DATA SEGMENT:
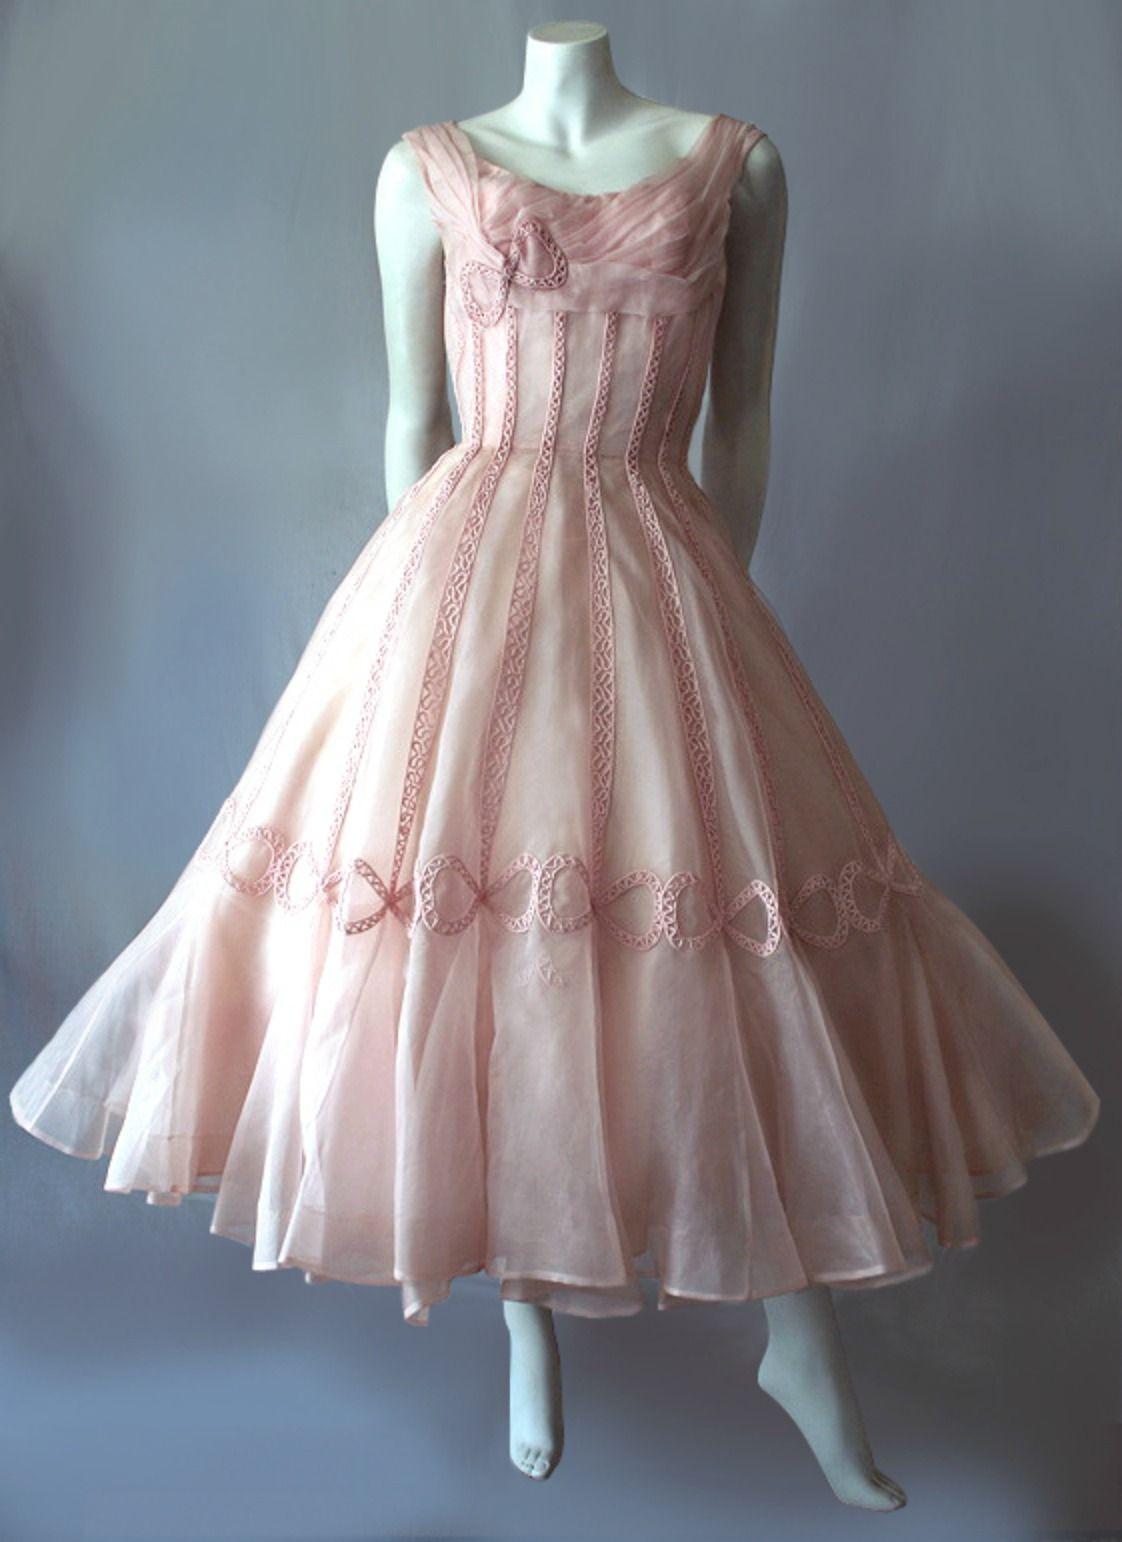 1950 S Pink Ceil Chapman Formal Dress Vintage Dresses Vintage 1950s Dresses Pink Cocktail Dress
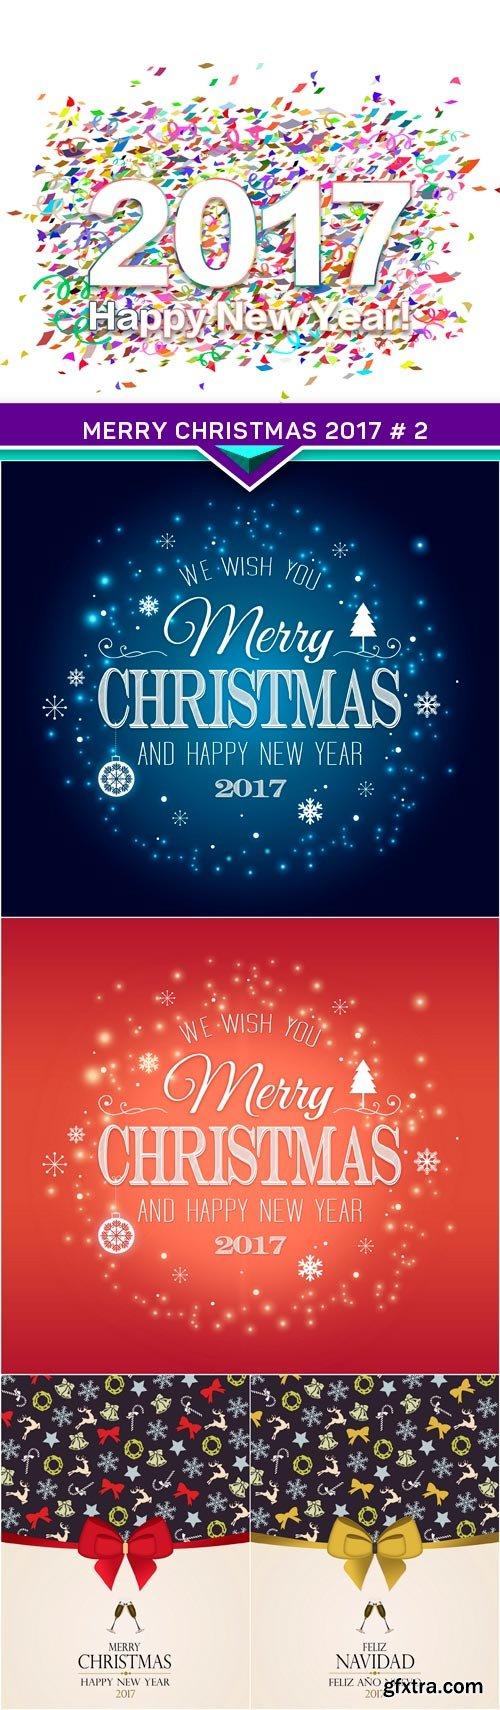 Merry Christmas 2017 # 2 5X JPEG
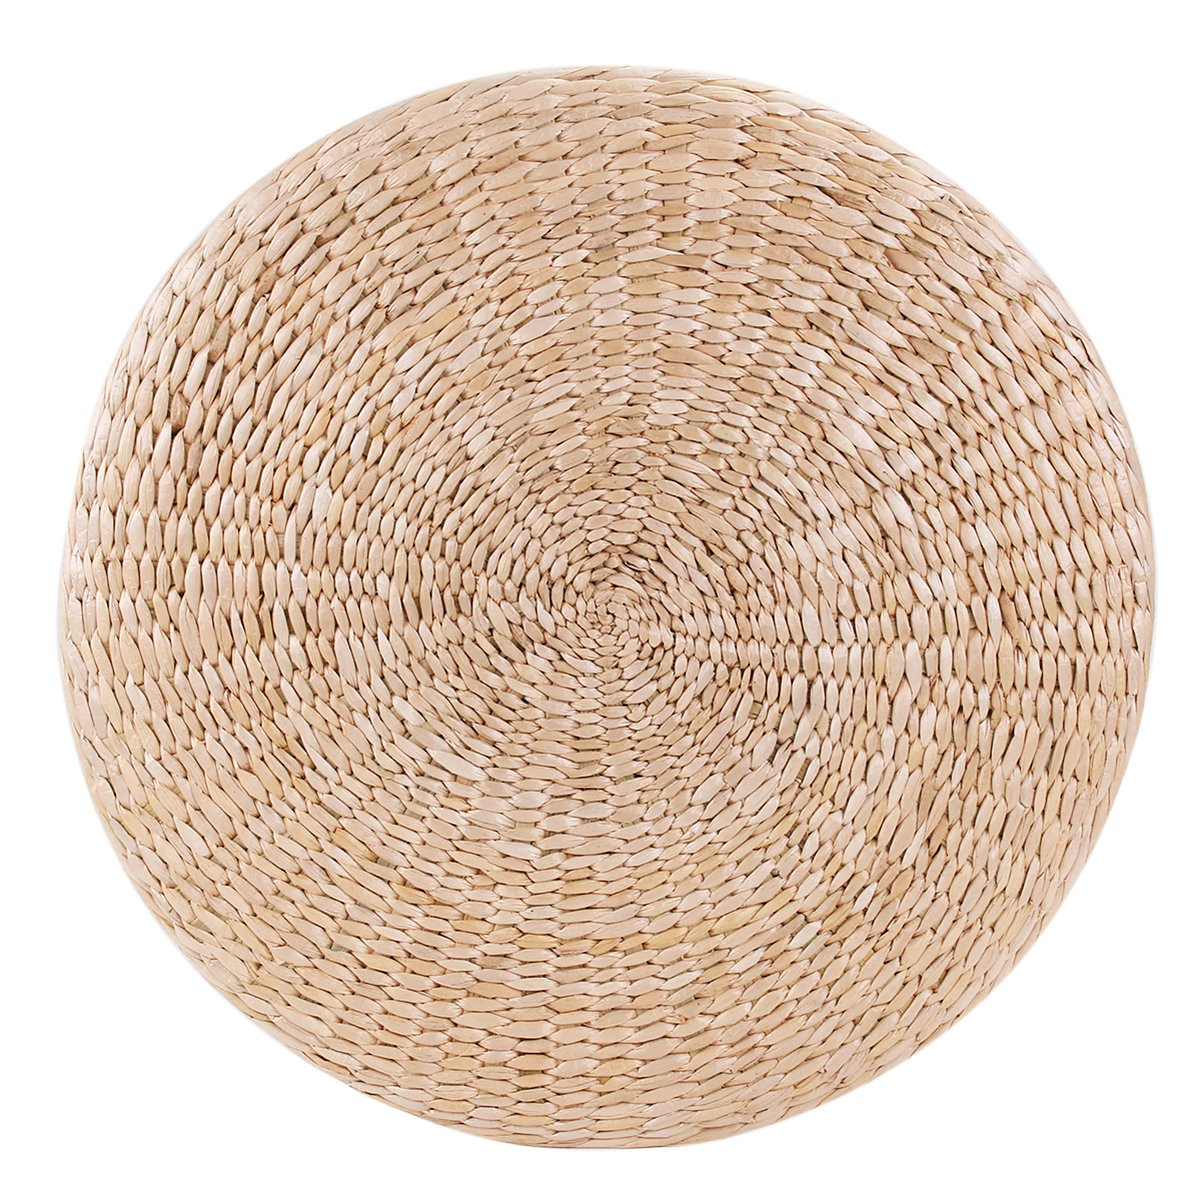 KINGSO Handcrafted Straw Round Pouf Tatami Cushion Floor Cushions Natural Straw Meditation Yoga Mat Chair Seat Cushion (50 x 6cm)
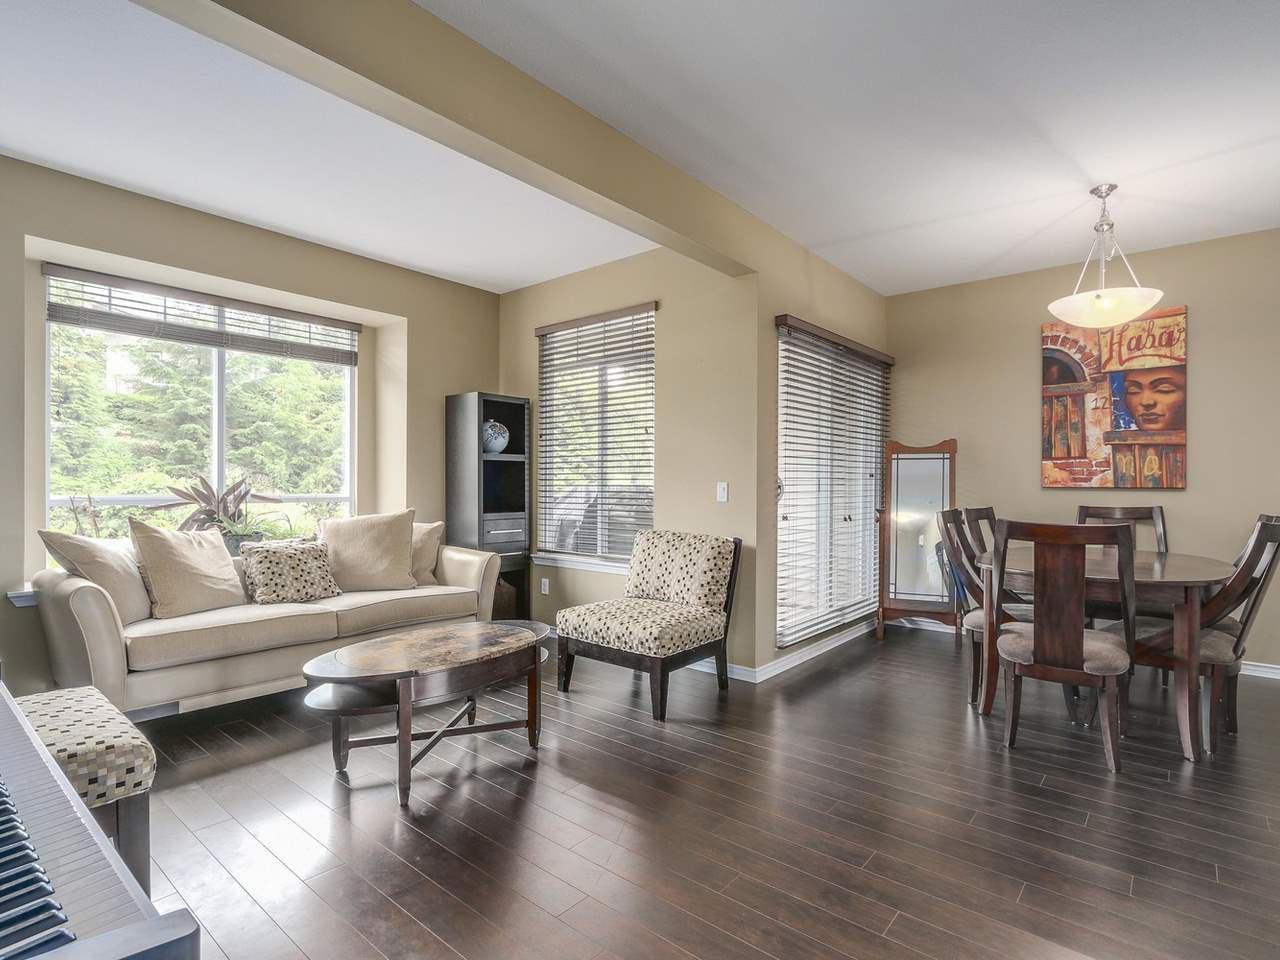 "Photo 3: Photos: 2 23233 KANAKA Way in Maple Ridge: Cottonwood MR Townhouse for sale in ""RIVERWOOD"" : MLS®# R2112549"

EXERCISE REQUIREMENTS:
Output all data exactly, omitting images.

EXPECTED ANSWER:
 1950 S Pink Ceil Chapman Formal Dress Vintage Dresses Vintage 1950s Dresses Pink Cocktail Dress
 Merry Christmas 2017 # 2 5X JPEG
 KINGSO Handcrafted Straw Round Pouf Tatami Cushion Floor Cushions Natural Straw Meditation Yoga Mat Chair Seat Cushion (50 x 6cm)
 "Photo 3: Photos: 2 23233 KANAKA Way in Maple Ridge: Cottonwood MR Townhouse for sale in ""RIVERWOOD"" : MLS®# R2112549"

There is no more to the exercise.